Deloitte’s “2026 Global Human Capital Trends” features surveys with more than 9,000 business and HR leaders from 89 countries, plus more than 50 expert interviews. The report argues that companies have reached tipping points in how they combine people, AI, and organizational speed.
Written on 03/19/26
Person holding up a sign saying "AI is hiring - are you ready?"

Seven in ten leaders say their main competitive strategy for the next three years is to be fast and nimble, and 67% say future advantage will come more from speed than from scale. At the same time, though, most firms are still lagging behind: 88% see the dynamic orchestration of people, skills, and resources as highly important, but only 7% say they are making great progress.

For actuarial work, this points to a clear shift: actuaries will be valued not only for technical modeling, but also for shaping reliable human-AI interaction in pricing, reserving, capital management, and claims-related decisions. Deloitte finds that only 14% of leaders feel adept at designing human-AI interactions, while 59% are still pursuing a mainly technology-focused AI approach. The study indicates that this approach tends to generate weaker AI returns than a human-centered one. In high-stakes functions such as insurance, this is especially relevant because 60% of executives already use AI to support decisions, yet only 5% say their organizations are leading in governing AI-supported decision-making.
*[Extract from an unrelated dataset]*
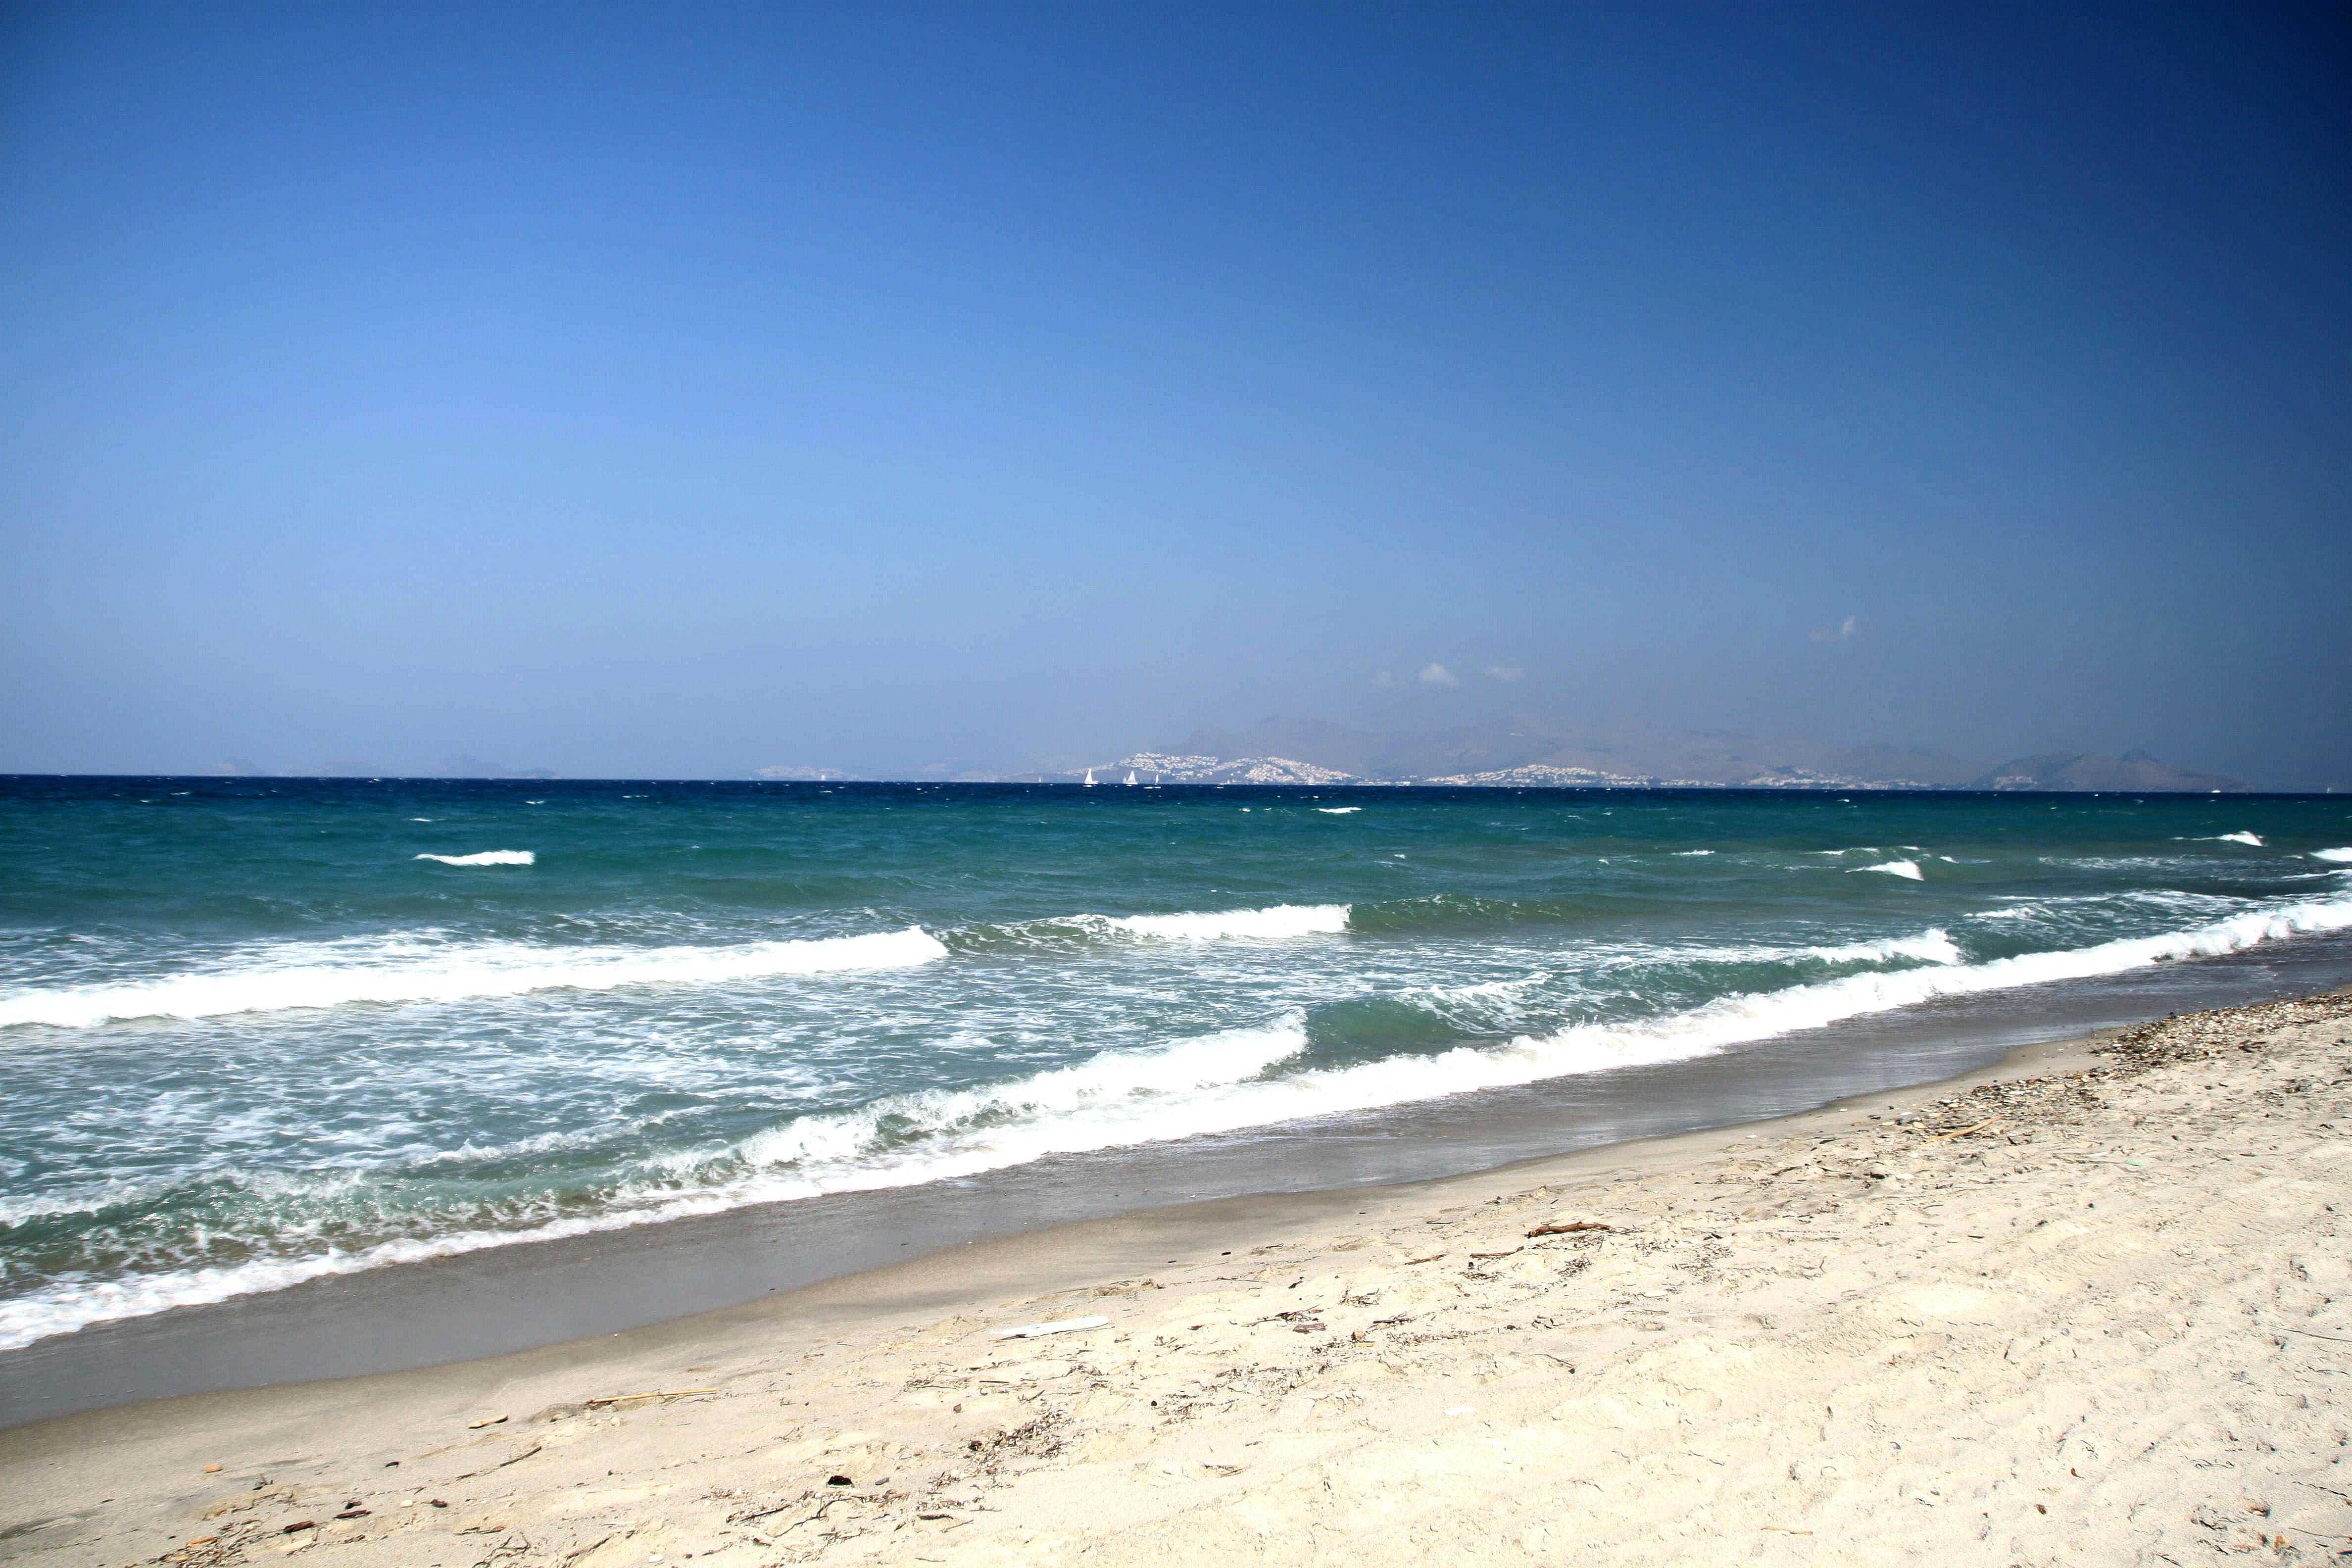 Kosin saari on rantoja täynnä. Kivisiä ja hiekkaisia rantoja. Rantatuoleja, rantabaareja, sekä luonnonrantoja. Pienellä saarella rantaviivaa on 112 km.

For insurance companies, the report suggests that the central challenge is not just adopting AI faster, but building trust, governance, and the right culture around it. Only 5% of organizations are making great progress in improving the quality and trustworthiness of work and workforce data, even though weak data authenticity can affect brand, finances, and operations. That is highly relevant for insurers, where underwriting, claims, fraud detection, and reserving depend on robust data and accountable decisions. Deloitte also highlights cultural barriers: 34% of organizations already see culture as a direct inhibitor of AI transformation, 65% believe culture must change significantly because of AI, but only 5% report strong progress.

This creates new requirements for actuaries. Alongside technical excellence, they will need stronger AI literacy, sound judgment on when human override is necessary and closer collaboration with data, risk, compliance, IT, and business functions. The report also signals a learning challenge: only 27% of respondents think their organizations manage change effectively, and just 8% say they are highly effective at meeting continuous learning needs. For actuarial professionals, remaining relevant will therefore mean combining quantitative expertise with governance, explainability, adaptability, and cross-functional decision support.

Looking ahead, the direction is clear: AI will become more deeply embedded in decisions and operating models, but competitive advantage will come from how well organizations orchestrate human expertise around it. Deloitte cites a projection that, by 2027, half of business decisions could be augmented or automated by AI agents. At the same time, 49% of leaders say digital twins will matter for success, and 52% say using AI to monitor signals of change and trigger action will be important over the next three years. For actuaries, this suggests a future role less focused on producing calculations in isolation and more on validating data, mastering model use, translating outputs into accountable business decisions, and safeguarding trust in an increasingly automated insurance environment.